Glucose is crucial to healthy brain function—and GLP-1 drugs “may mitigate the decline in cerebral glucose metabolism and [enhance] blood-brain glucose transport capacity… [with] potential metabolic and neuroprotective benefits,” according to the Chengdu team. Among GLP-1 drugs, two top contenders for forestalling or improving symptoms of dementia are lixisenatide, in a French study of early-stage Parkinson’s patients proving effective at both improving motor activity and preventing further deterioration; and liraglutide, which has improved cognition and reduced brain shrinkage in patients with Alzheimer’s disease.
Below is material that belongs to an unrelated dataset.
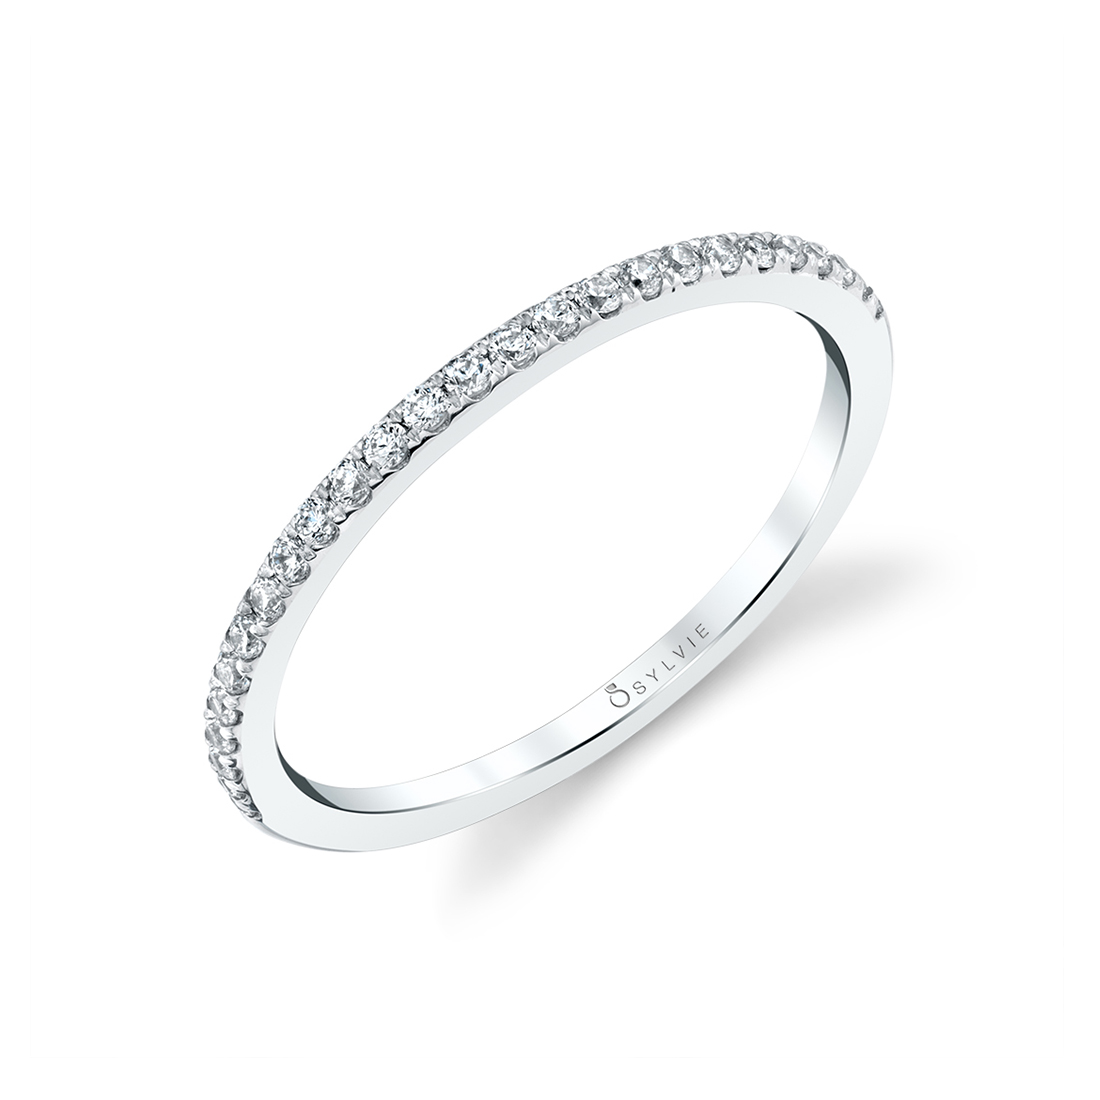 Thin Wedding Band in White Gold

On the negative side, metformin has appeared to “trigger AD pathology and even elevate AD risk in humans,” write Korean dementia researchers So Yeon Cho and colleagues, in the journal Nature. In mice studies, long-term treatment with metformin led to “cognitive impairment in mice at old age…despite enhanced cognition observed in… mice at a young age.” As a result, the researchers argue, “drug repurposing of metformin should be carefully reconsidered…when it is intended for individuals with AD.” And while metformin therapy had appeared to increase longevity for T2D patients over the first three years of study, benefits did not last in patients examined over longer periods of more than five years, according to Cardiff researchers Joshua Stevenson-Hoare and colleagues. The Cardiff team also noted the confounding discovery of signs that “late-life diabetes can be protective against neurodegenerative disorders (as is higher body-mass index which is associated with T2D).”

The Alzheimer’s Drug Discovery Foundation considers evidence for metformin’s positive effects on brain health to be inconclusive. And Smerling writes, “While the [metformin] research so far is promising, we need more compelling evidence before endorsing its widespread use for people without diabetes. But for clinical researchers hoping to repurpose an old medicine as a new wonder drug, metformin would seem like a great place to start.”

—Mary Carpenter regularly reports on topical subjects in health and medicine.